Спастись можно было только срочным переходом на иврит, а это оказалось невозможным. Отважная Майя Каганская, не задумываясь, объявила, что через год она будет писать на иврите. С тех пор прошло уже около тридцати лет, однако ничего написанного ею на иврите мне увидеть не довелось. Да это, пожалуй, и к лучшему – израильская литература, хоть и очень молодая, но достаточно заносчивая, меньше всего нуждается в наших абсолютно чуждых ей российских закидонах, озвученных на убогом, с трудом вымученном иврите.
Итак, смертный приговор был подписан, но еще не приведен в исполнение – ведь на полную аннигиляцию нашей группы по законам Исхода положено было сорок лет скитаний по пустыне.
И тут случилось чудо – на нас, как из рога изобилия, посыпались многотысячные толпы беженцев из рухнувшей в одночасье Российской империи, еще за год до того казавшейся вечной.

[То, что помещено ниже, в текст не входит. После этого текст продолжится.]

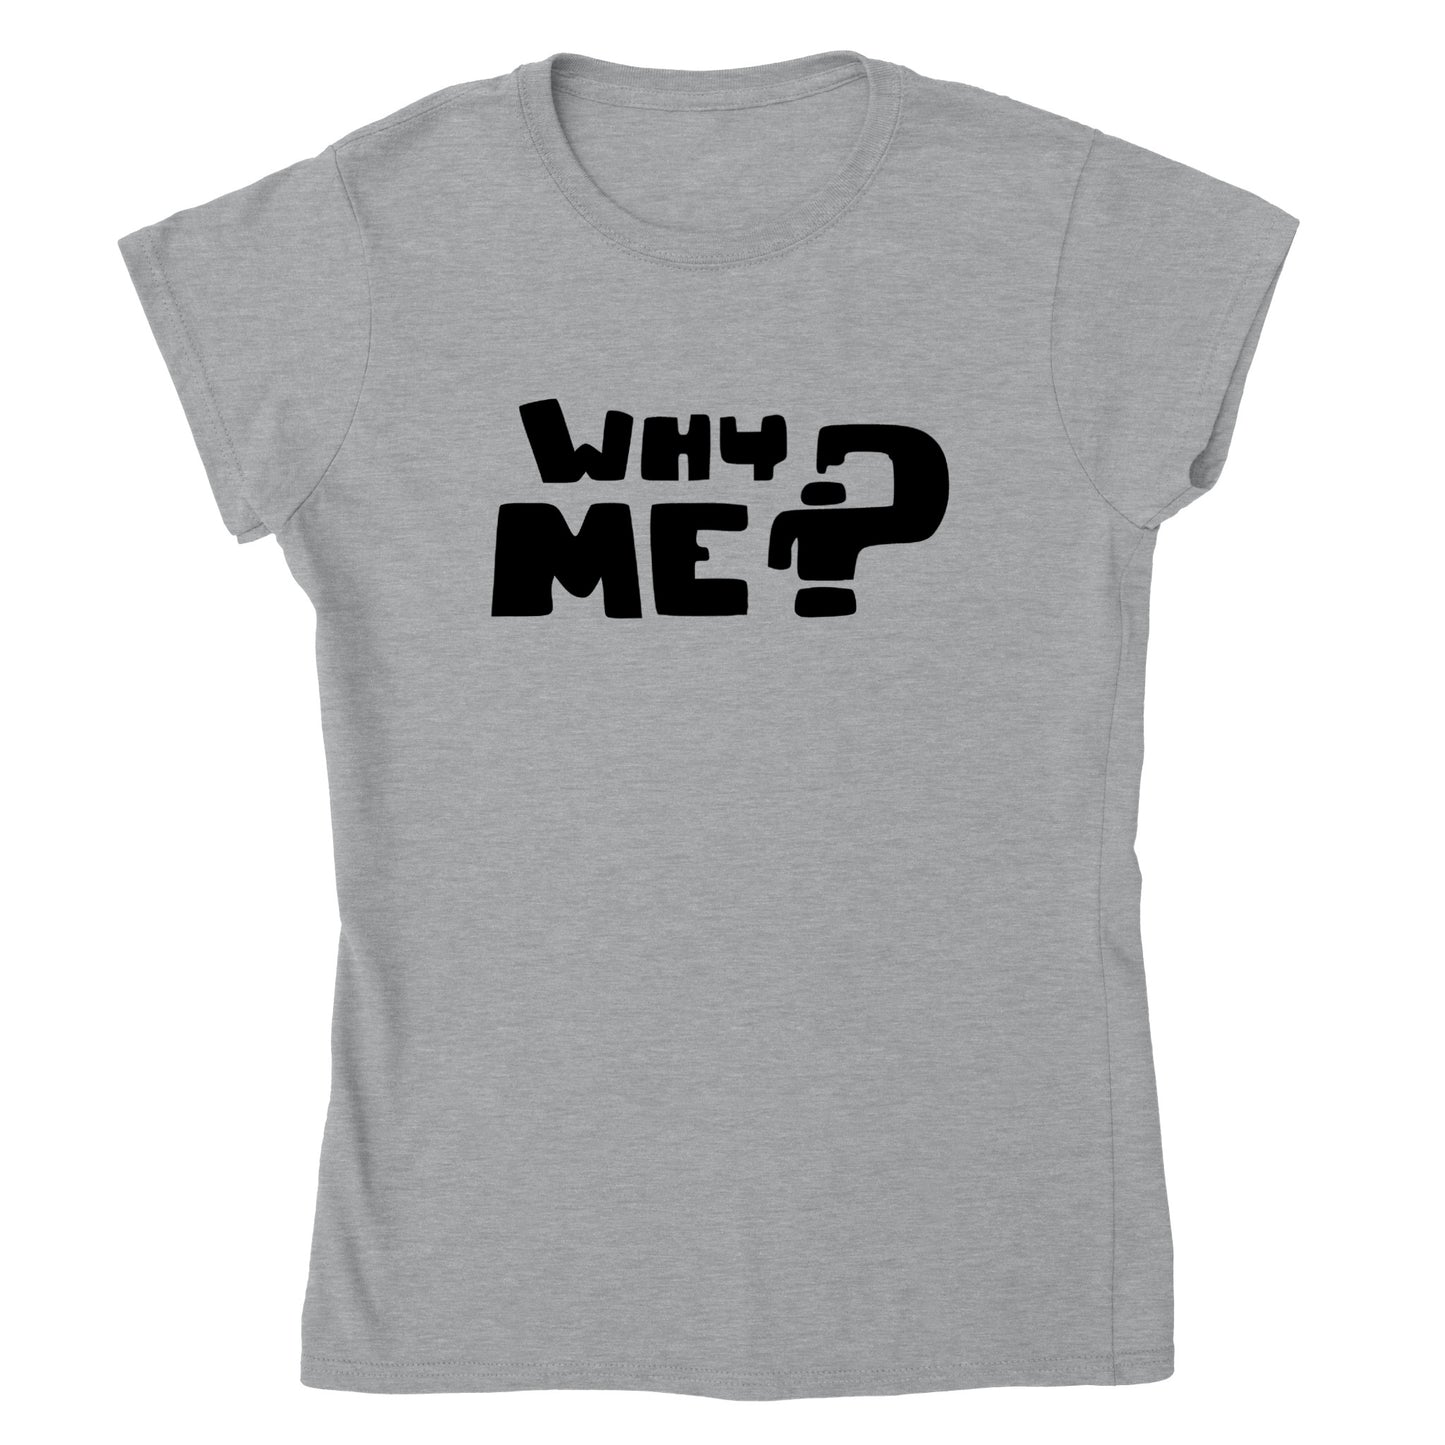 Why Me? - Classic Womens Crewneck T-shirt - Mister Snarky's

Культурное и даже некультурное пространство израильского быта начало бурно заполняться русским языком. Быстро появились новые шутки типа «Скоро в Израиле введут второй официальный язык – иврит». Все новые и новые газеты возникали из небытия и заполняли стеллажи киосков печати. Еще быстрее, чем газеты, не только в столицах, но даже в самых отдаленных уголках нашей необъятной родины стали открываться русские книжные магазины, – смертный приговор откладывался на неопределенное время.
И на нашем горизонте замаячили перемены. Сперва в нашу редакционную дверь стали стучаться писатели – в основном, к сожалению, не прозаики, а поэты, – а вслед им мощными когортами начали прибывать читатели. Среди писателей, особенно среди поэтов, замелькали молодые лица, – это означало настоящий праздник, «именины сердца», ведь до того нам суждено было только стариться без всякой надежды на прибавление семейства.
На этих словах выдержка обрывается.